When crashing on resume, the screen turns on but stays black.
ssh into the machine often, but not always, work, and shows an Xorg process at 100% cpu.

I have run both Linux Mint 17.3 - 18 and Fedora on it with kernels from 3.x up to 4.4 and cycled through Nvidia drivers 350.xx to 370 and still see this problem.
I can't try nouveau as the card is not supported there yet.

If I don't let the machine suspend, I have not seen this problem.

Discussions on the nvidia board indicate that many new nvidia cards of families 9xx and 10xx might suffer from this but the interest from nvidia is small.
Comment 1 emailjonathananderson-fedora 2016-10-07 14:16:32 UTC
Latest test with kernel 4.4 and driver 370.28
Display is black in resume from suspend. System is so responsive that it allows for a remote login with ssh so I can get to diagnostics.

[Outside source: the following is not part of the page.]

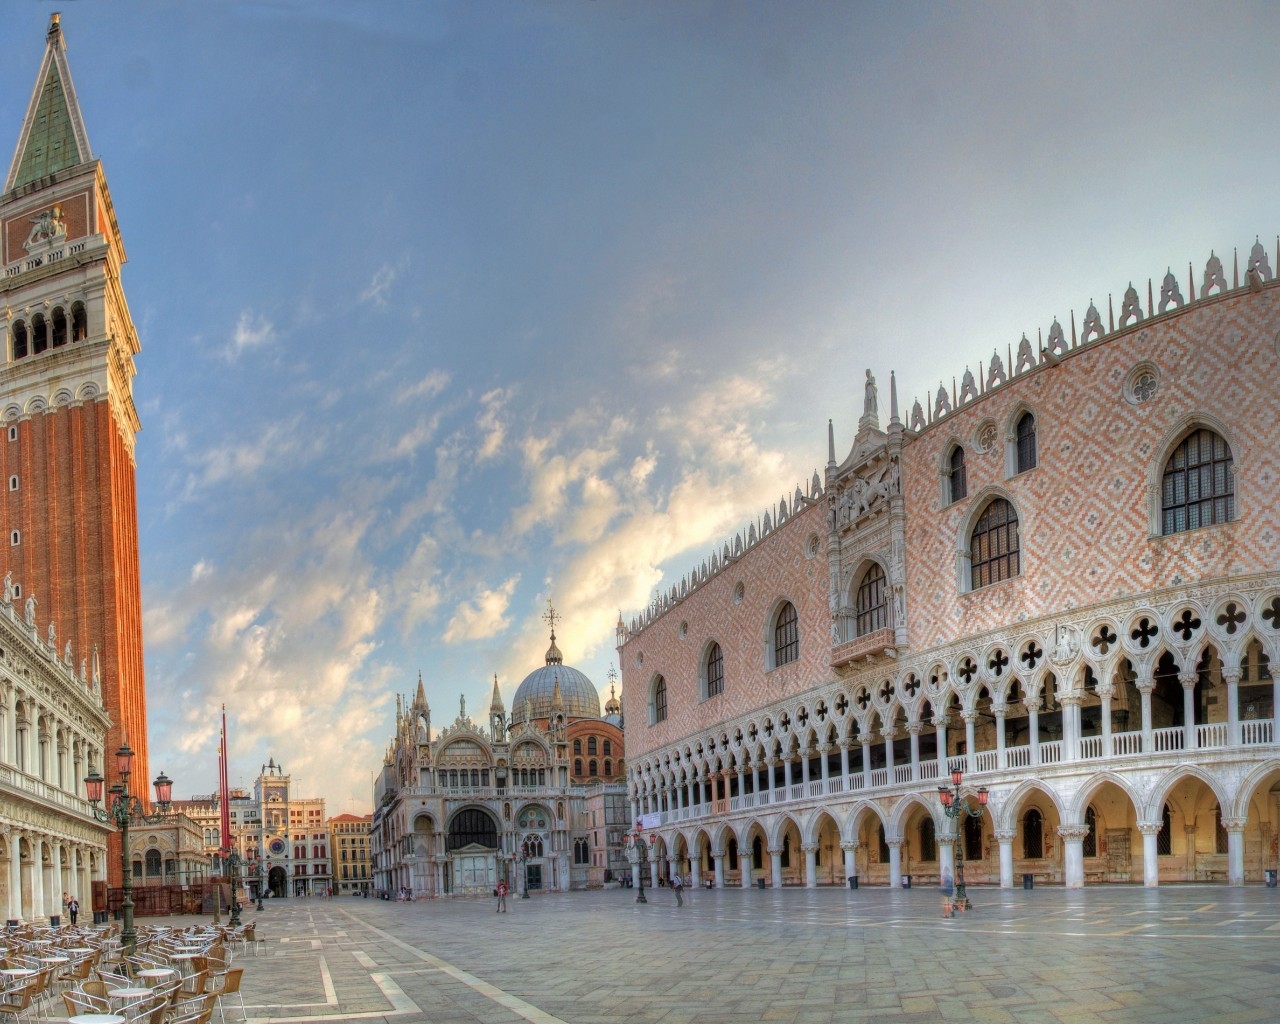 Piazza San Marco in Venice for 1280 x 1024 resolution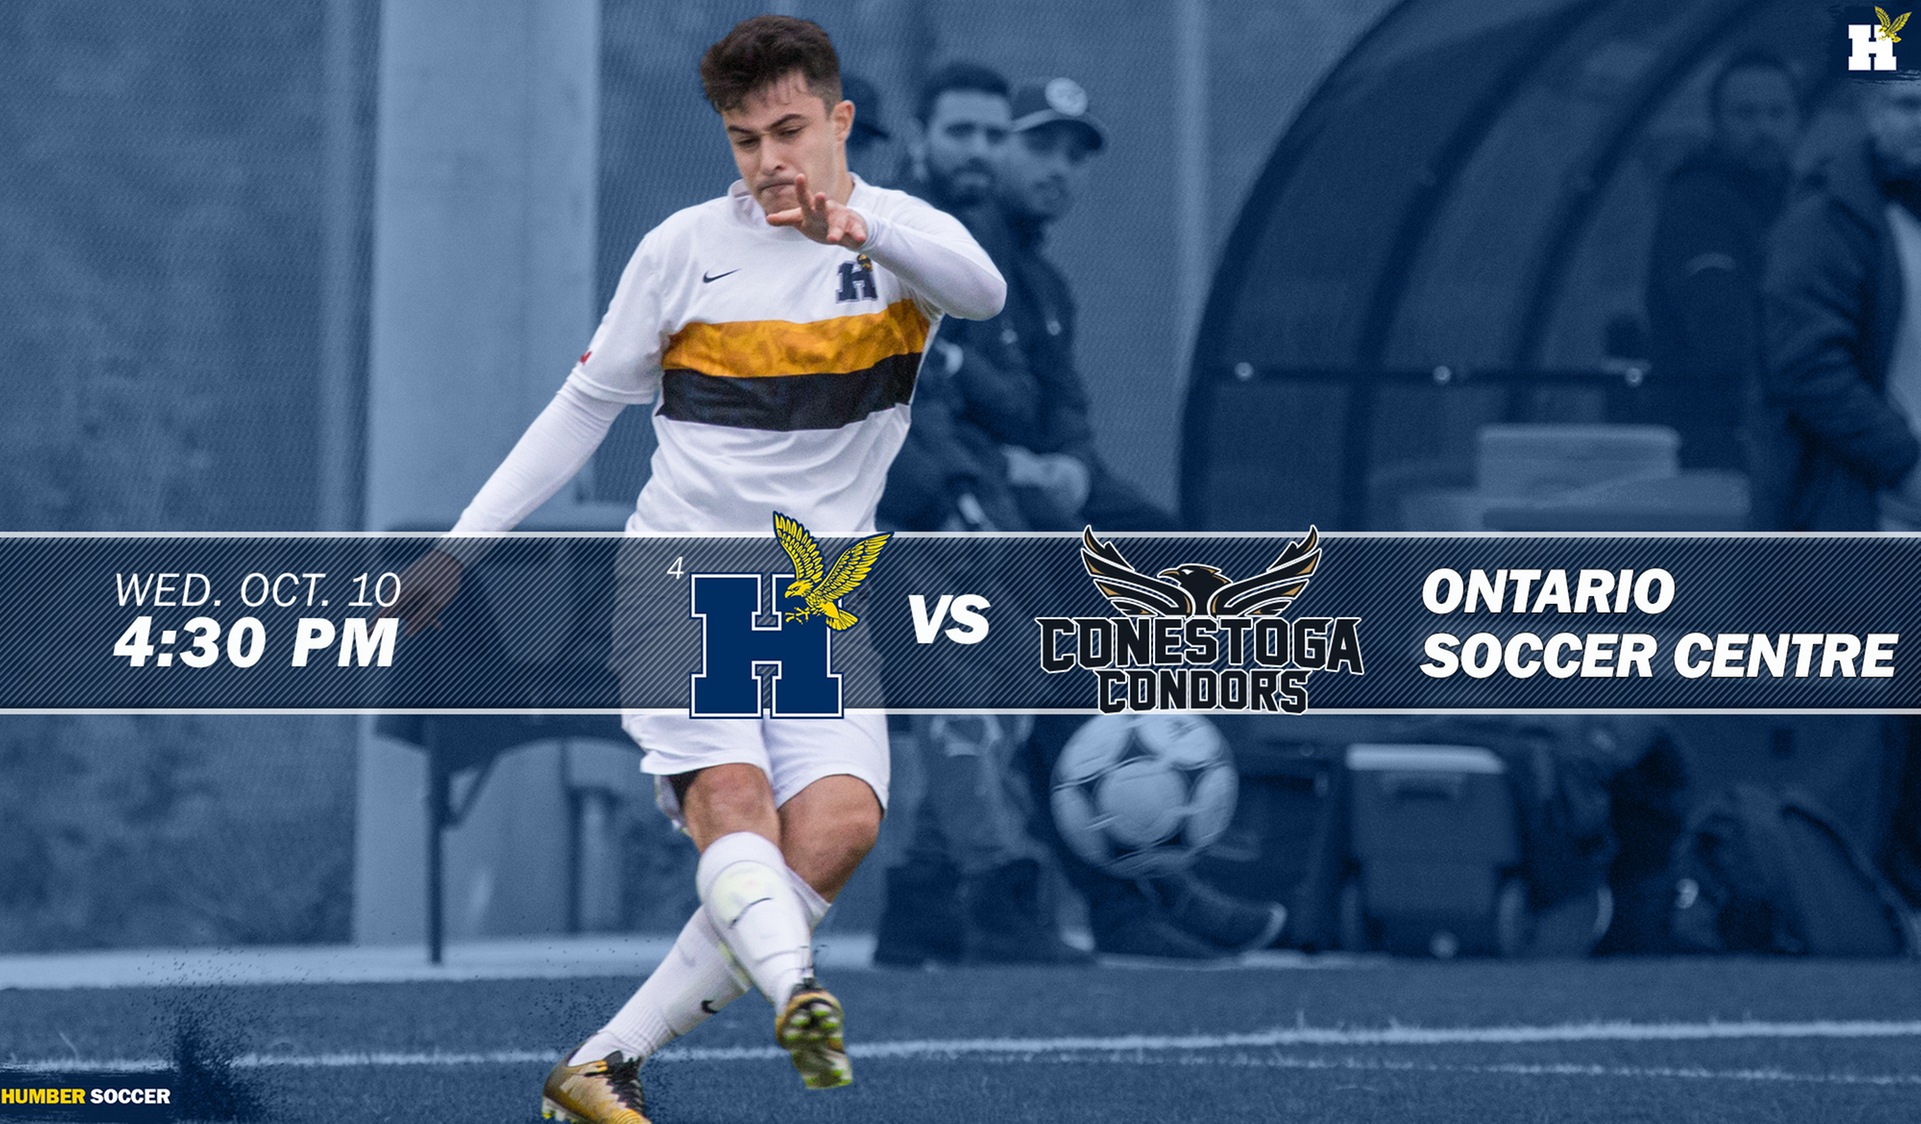 HOME SCHEDULE CONCLUDES WEDNESDAY FOR No. 4 MEN'S SOCCER

Xorg is hanging with 100% cpu.

lsmod shows that nouveau is NOT loaded.

Excerpts from the logs that can be interesting are:
[ 138.404188] nvidia-modeset: WARNING: GPU:0: Lost display notification; continuing.
[ 140.406359] e1000e: enp0s31f6 NIC Link is Up 1000 Mbps Full Duplex, Flow Control: Rx/Tx
[ 140.406420] IPv6: ADDRCONF(NETDEV_CHANGE): enp0s31f6: link becomes ready
[ 181.619021] nvidia-modeset: WARNING: GPU:0: Unable to read EDID for display device Samsung S24D390 (HDMI-0)
[ 389.665921] nvidia-modeset: ERROR: GPU:0: Idling display engine timed out: 0x0000957d:0:0:0x00000040
Comment 3 Zhang Rui 2016-10-10 05:55:37 UTC
This sounds like a graphics driver issue to me.
does the problem still exists in text mode, without the graphics driver loaded?
Comment 4 emailjonathananderson-fedora 2016-10-25 12:06:03 UTC
Good question. 
Can you please direct me how to test this?
Comment 5 emailjonathananderson-fedora 2016-11-10 18:01:46 UTC
(In reply to Zhang Rui from comment #3)
> This sounds like a graphics driver issue to me.
> does the problem still exists in text mode, without the graphics driver
> loaded?

Zhang, can you please direct me how to test this in text mode?